“How do you do it?”
This is one of my favourite questions, and I get it pretty regularly. It usually comes up when I refer to my kids — as in, how do you manage to parent two kids and have a career? Or it comes up when I make a reference to my occasional moonlighting with Social Signal — as in, how do you manage to work with clients when you’ve got a full-time job? Or it comes up when I talk about all my various social media activities — as in, how do you write five blog posts a week and still get any sleep? But most often it comes up in its composite form: how do you do it all?
I love this question because it’s a major ego trip. It’s a chance for me to just sink into the gratifying sense that yes, I have achieved my goal of appearing superhuman, of overachieving, of fitting 28 hours into a 24 hour day. Whenever somebody asks me how I do it?, I get to make some kind of gently self-deprecating denial while gloating over the recognition that yes, I’ve managed to stump another one.

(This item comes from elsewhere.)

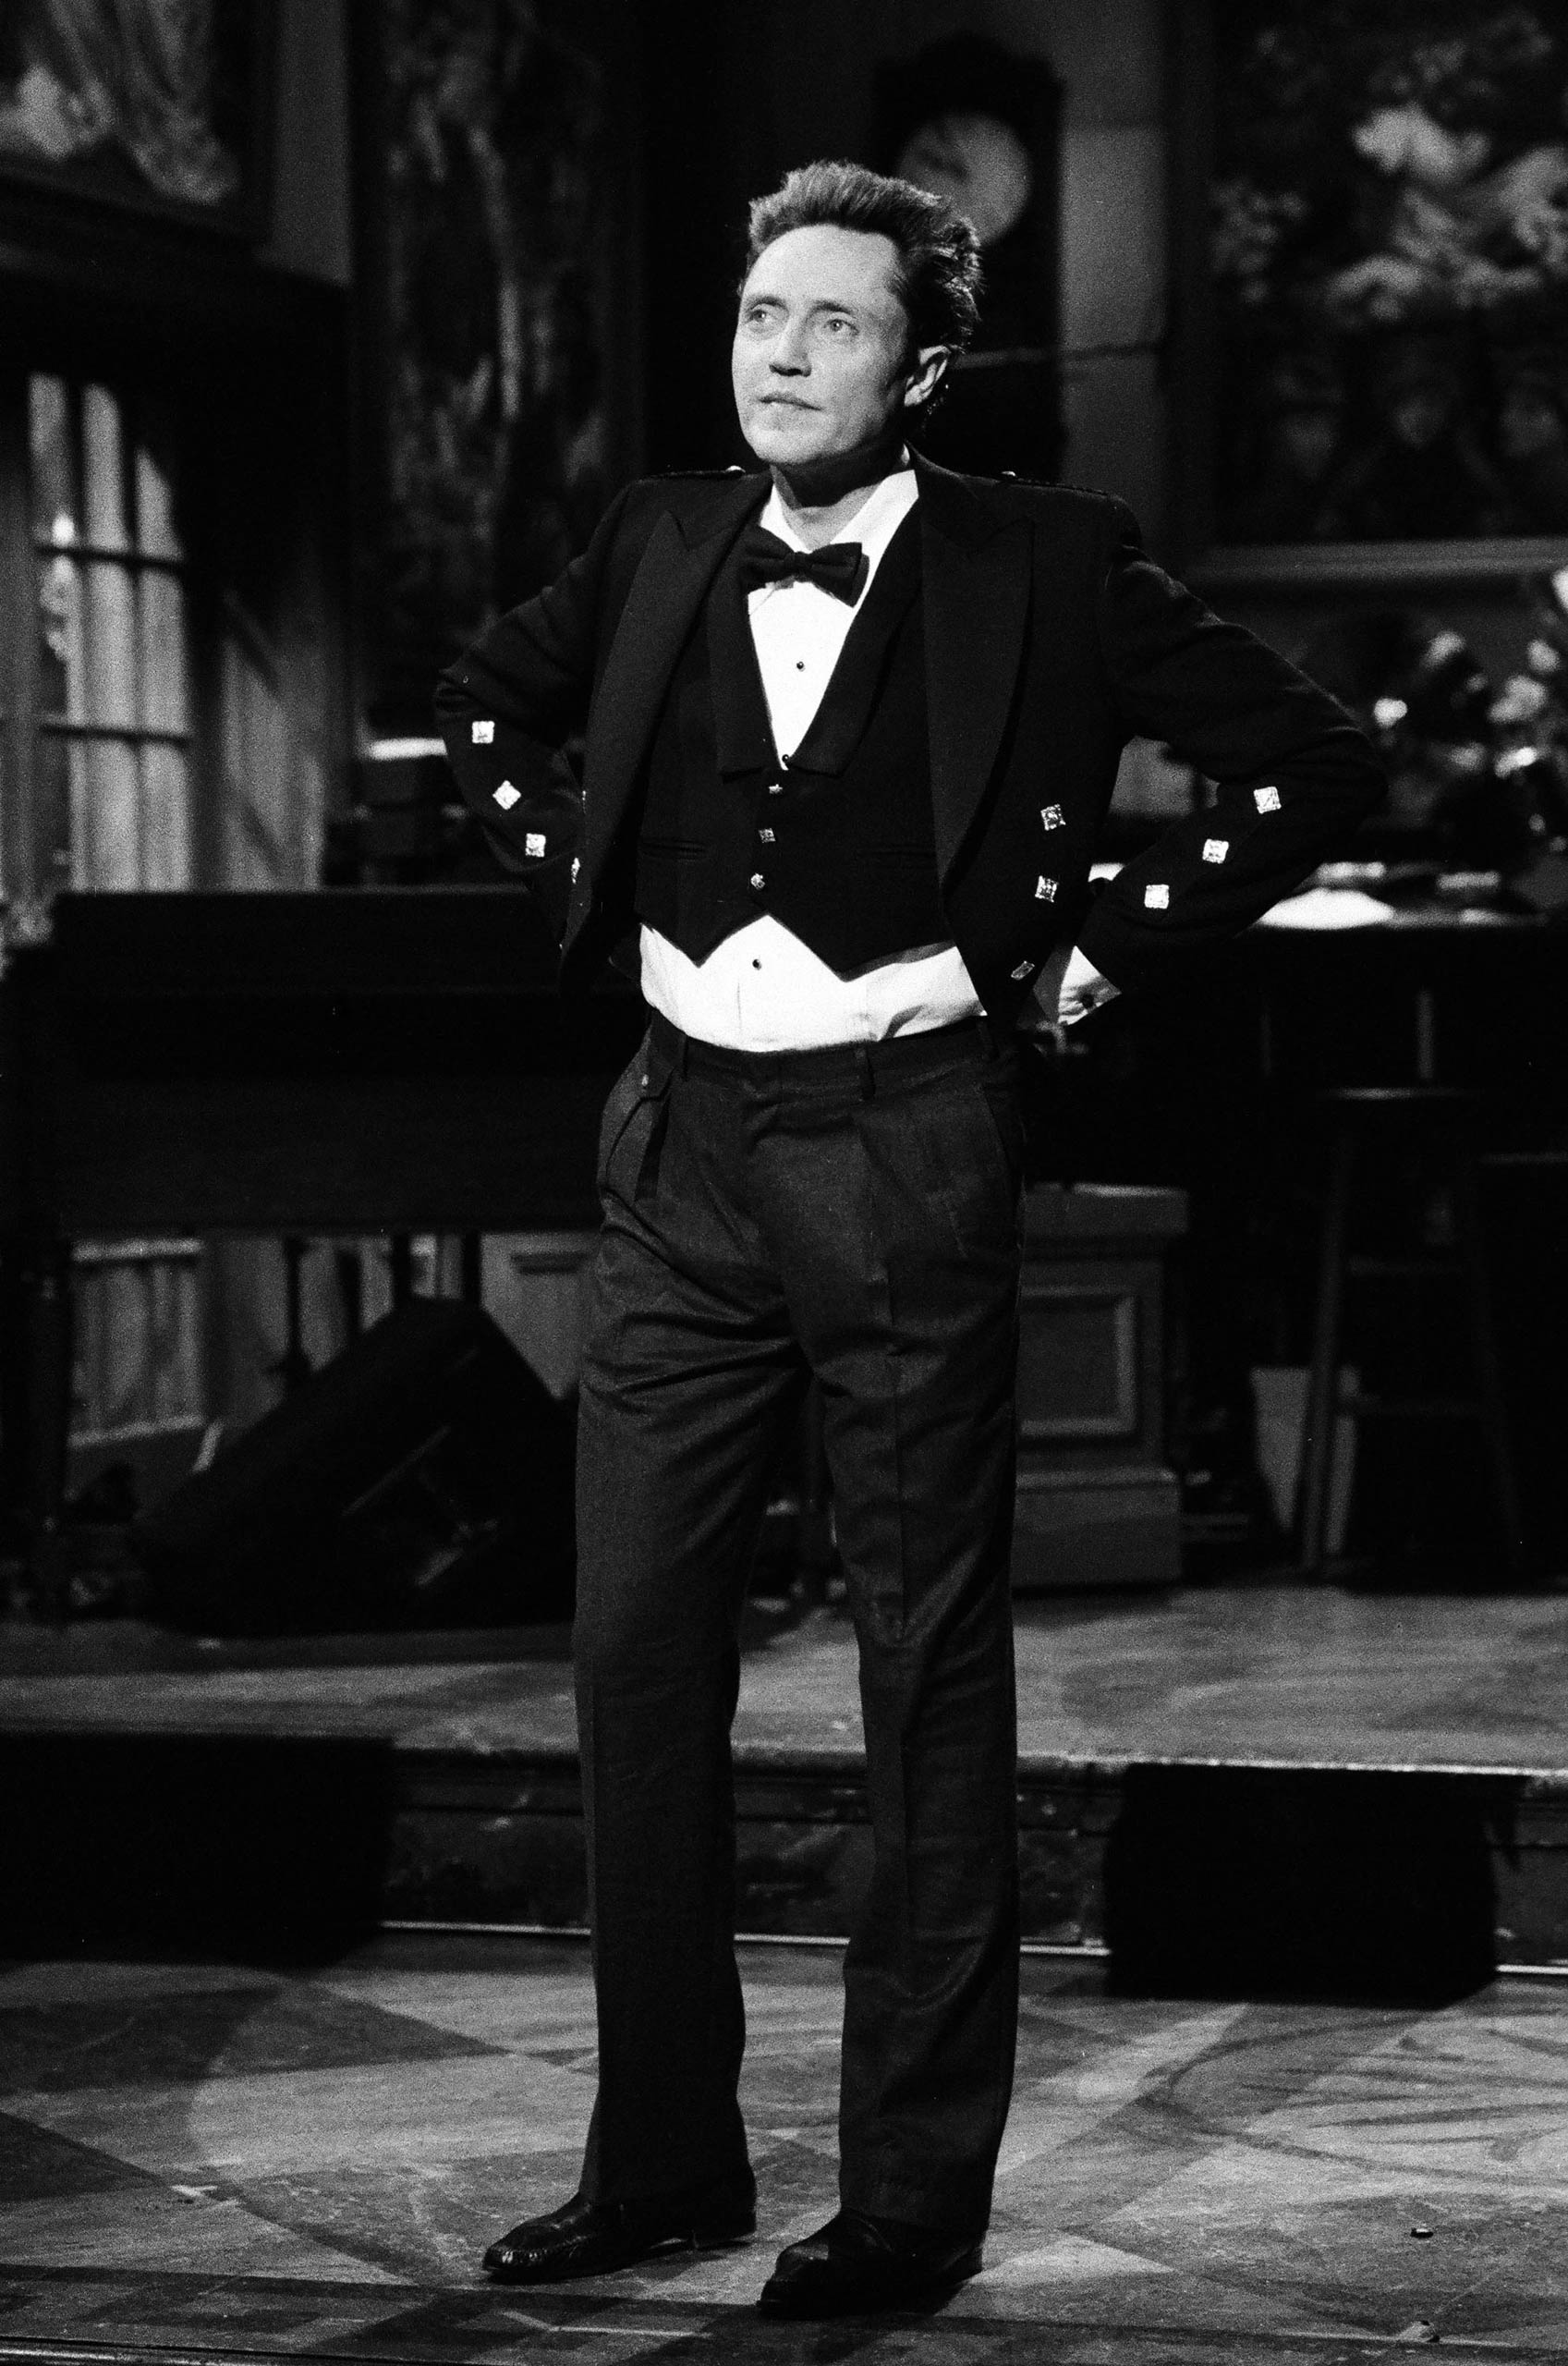 Saturday Night Live - Seasn 15

But how do you do it? is one of those unhealthy byproducts of online life. As I discussed in my recent post about coping with the #sxsw backchannel,
if there is one thing the Internet (and especially Twitter and Facebook) are good at, it’s letting us know about all the things we aren’t doing. Conversely, it’s pretty terrible at letting us know about all the things other people aren’t doing. So when you read the 140-character tweet that says “Just had great chat with @worldfamousguru at #ExclusiveConference that will make me stronger, faster & more attractive to same/opposite sex,” what you’re not seeing are characters 141-180 that would have read: “….while my children cry themselves to sleep and my partner berates me for once again leaving town, work, home and family responsibilities.”
The gratification we get from amazing people with all the things we are doing is part of what feeds this dynamic. When we are read, or followed, or retweeted, or mentioned, it tells us that whatever we are doing at this moment has in some way been counted. We get a little dose of attention for whatever we’ve just shared, and like rats, we share the next thing in pursuit of another hit. We share and we share until our whirlwind of activity is enough to prompt the question, how do you do it?
But for all the satisfactions of how do you do it?, it comes at a cost. We fill up our social media streams with all the news of our activities, instead of seeking out and celebrating our undocumentable moments: the moments that are too exciting to stop and tweet, or too elusive to sum up in a blog post.
I’m not suggesting we stop sharing, but rather, that we wean ourselves from the how do you do it? The next time a blog post or tweet tempts you to ask that question, try filling in the blanks: not with the assumption that each reported accomplishment but a drop in someone’s ocean of achievement, but with the possibility that it’s the only thing they have to share.
As for those of us who are addicted to hearing the question, we have even more work in store. We need to lose our dependence on projecting superhuman activity, and acknowledge the merely human reality that we are all constantly making choices about what to do and what to neglect, about what to share and what to hide.
Sharing more online about what we’re not doing offline is one way to kick the how do you do it? addiction. In which spirit, here’s what our living room currently looks, while I sit here writing this blog post:
The horror, the horror!
But the other way to let go of how do you do it? is to actually answer the question. In which spirit, I’m going to spend this week sharing the secrets of how I do it, at least online. I hope they can help you do it…without getting you addicted to the question, too.
Someday I am going to incorporate into a blog post the fact that our lives have sort of become the social media equivalent of “if a tree falls in the forest and no one is around to hear it …..” as in “if I had a reunion with my childhood best friend who I had not seen in 30 years, we had a marvelous time, ate interesting local food, and walked away with hearts lifted and spirits soaring BUT had failed to document the moment with a smart phone, camera, or other method of sharing it via social media, did it happen or “count” at all?”
I wholeheartedly concur that the “real time life” happening out of the scope of social media (goodnight stories with kids; family fights; routine meals; all of the things that make up our lives but don’t get shared) is a bigger part of “all” than most of the statuses, tweets, and social media comments combined.
Fantastic post. As a working mom I love to see your living room and know that I’m not the only one who lets a few things slide on the domestic front in order to enjoy the time I do have with my family and friends. Part of how we get it all done is that we each have to choose what “all” means in our own lives. I can’t wait to read your upcoming posts.